## Task to carry out
Transcribe only the part of the material below that begins at the line containing "<br />de Disney+" and ends at the line containing "Marimea penisului in", with both kept and images left out.

## Data supplied
+===+

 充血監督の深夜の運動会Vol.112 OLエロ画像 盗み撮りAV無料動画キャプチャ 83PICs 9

+===+

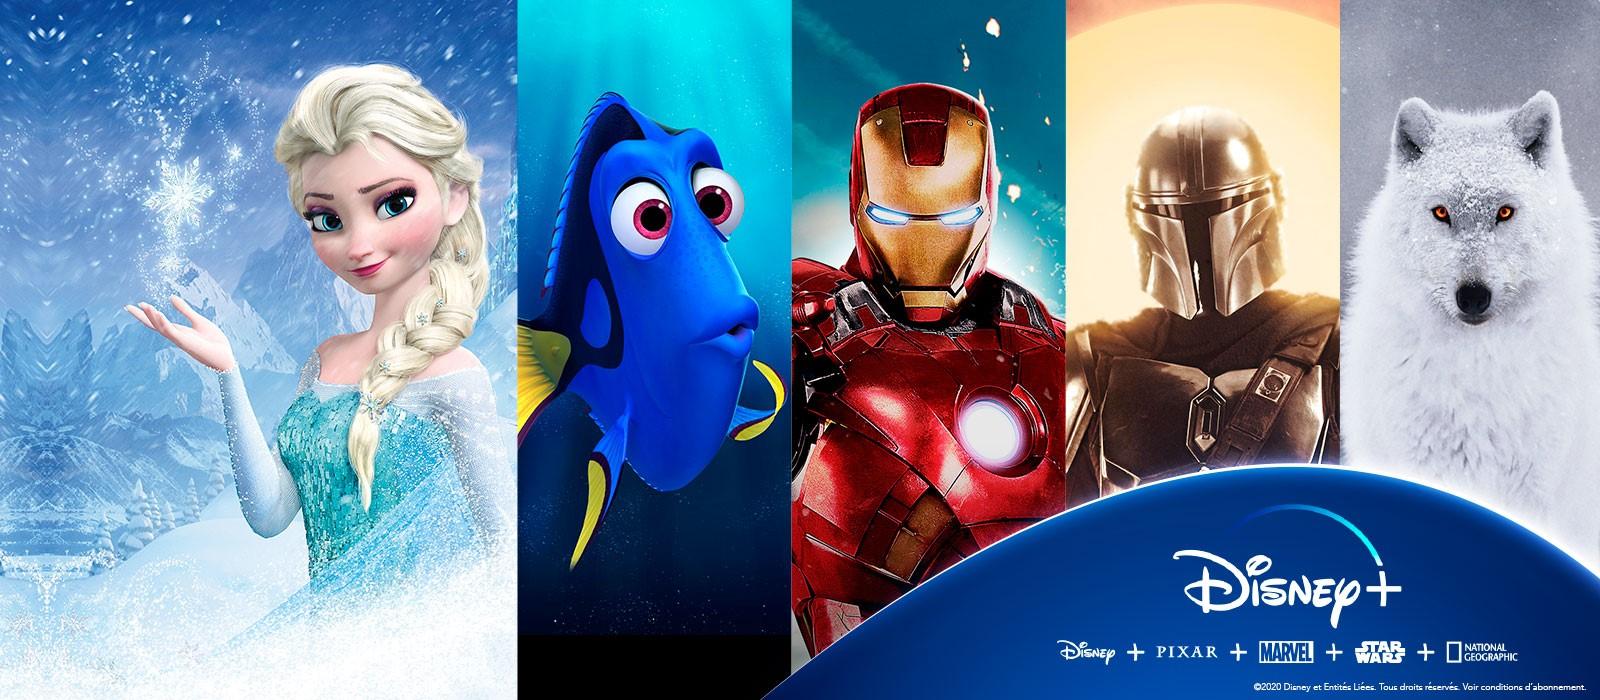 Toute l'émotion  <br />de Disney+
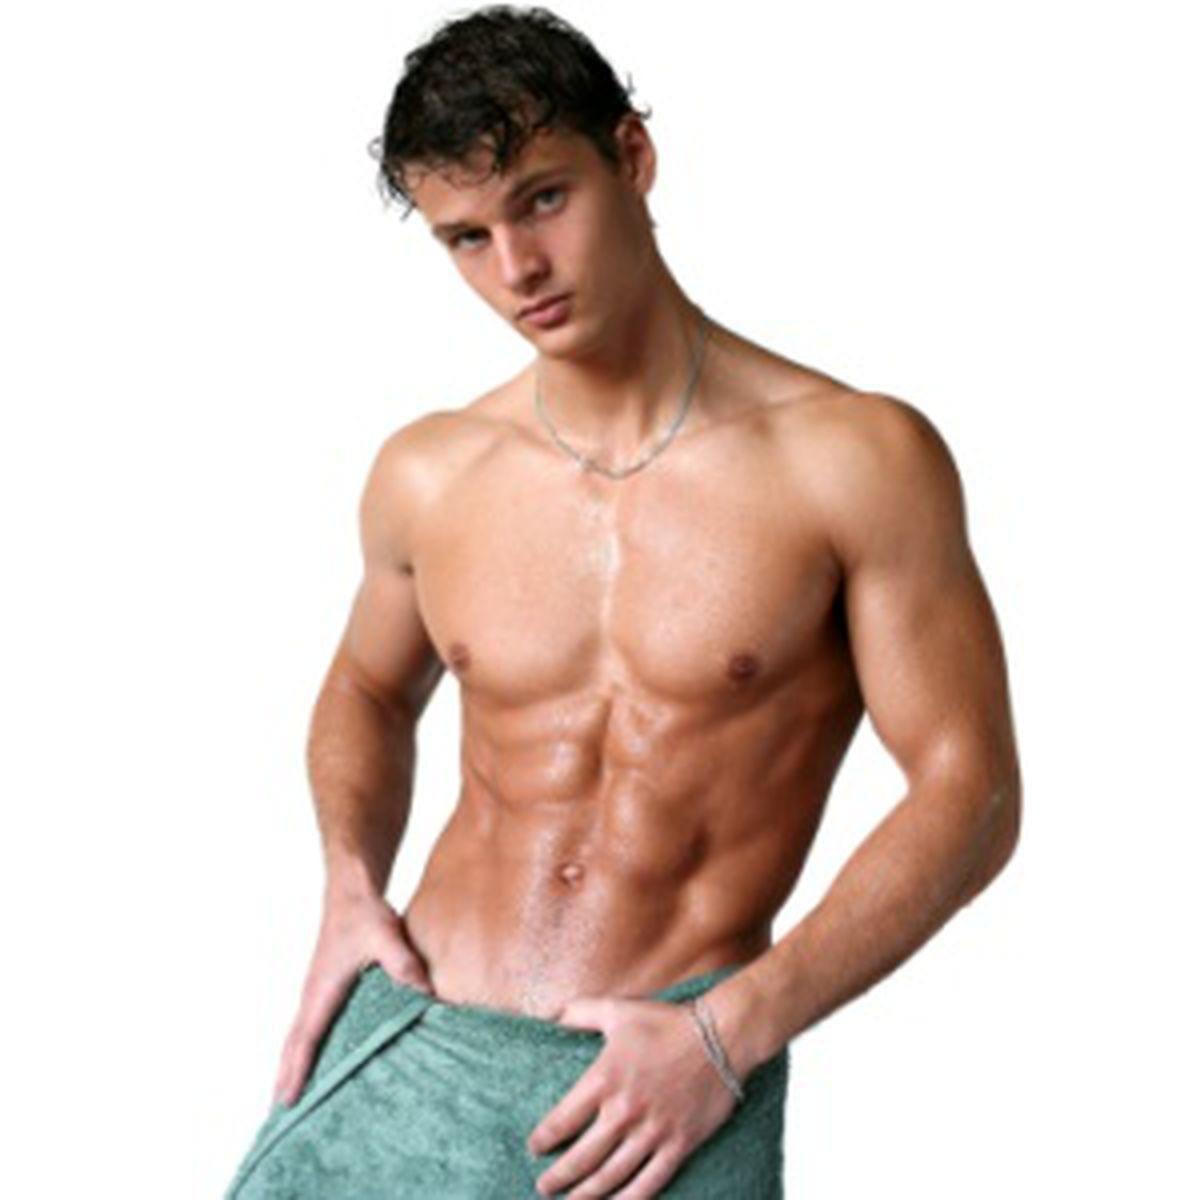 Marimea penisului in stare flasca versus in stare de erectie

+===+

## Response for this exercise
 Toute l'émotion  <br />de Disney+
 Marimea penisului in stare flasca versus in stare de erectie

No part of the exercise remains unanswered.